Alas, as we students encounter this unruffled social fabric, this nonexistent unifying bond valiantly detaching us from the dead-eyed majority, this lack of thread of discontent woven throughout the student bodies, it’s apparent something’s gotta be done. Hence, AOP. It’s maybe a slice of the sixties mixed with a couple shots of present-day apathy. AOP certainly has no political agenda. It surely strives to make no long-term social impact on the world. But upon the stout seriousness of career direction and the vast proliferation of prudence, it wages a small, discreet war. These are the most dangerous of times, precisely because nobody knows it.

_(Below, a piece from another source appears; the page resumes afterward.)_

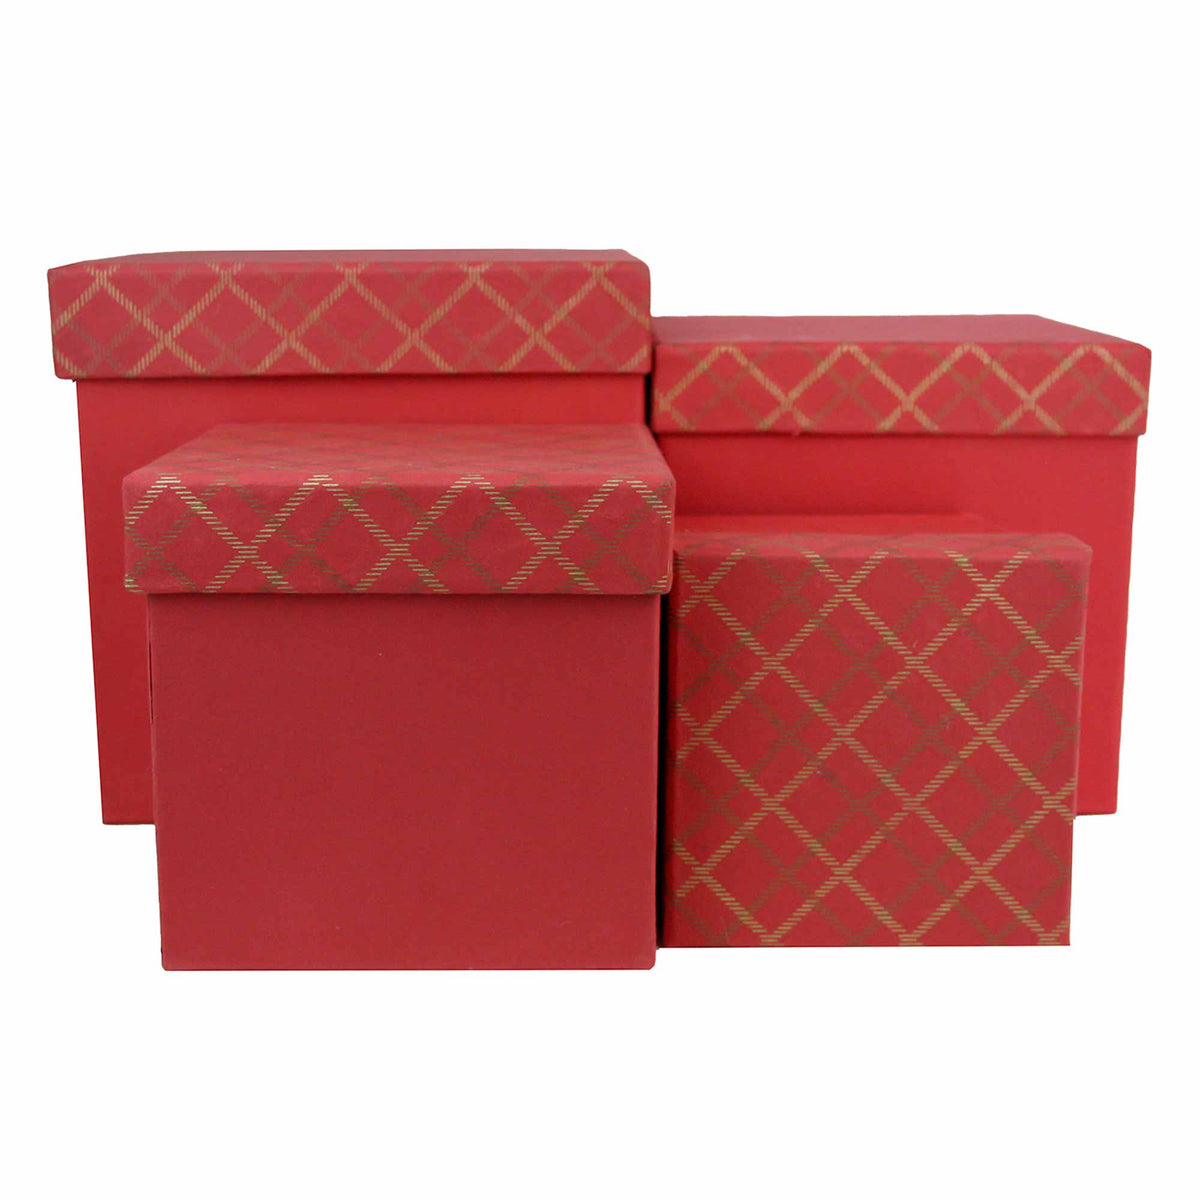 Handcrafted Chequered Red Gift Boxes - Set of 4

I covered all this in about six seconds of mind time, as Kile hovered over, poised for battle, awaiting a witty or pathetic rejoinder. I felt a certain pity for both of us losers. He wasn’t the enemy, nor was I. Poor Kile anyway was from the classic “dysfunctional” family, giving him every reason to condemn the crap he dealt with while growing up. It’s no coincidence such offspring are conspicuously devoid of AOP participation. In fact, in time AOP waged an informal research on the matter, with the results being as follows: If you regularly see your dad stumbling through the front door in a drunken stupor, smashing things, that’s the last thing you’re gonna want to do when you reach adulthood. It’s those who experience healthy, loving upbringings who desire to get drunk and smash things in college. They just don’t want to make a living out of it. The sad, dysfunctional folk stuff everything along these lines in a box with the label “addiction” plastered on it, and store it in the corner, out of sight. They caustically criticize AOPers throughout college for their irresponsibleness, and study diligently, albeit gloomily. Later in life, when job pressures and divorce loom large, they begin to drink heavily, while smashing things. See, it’s the timing that’s way off.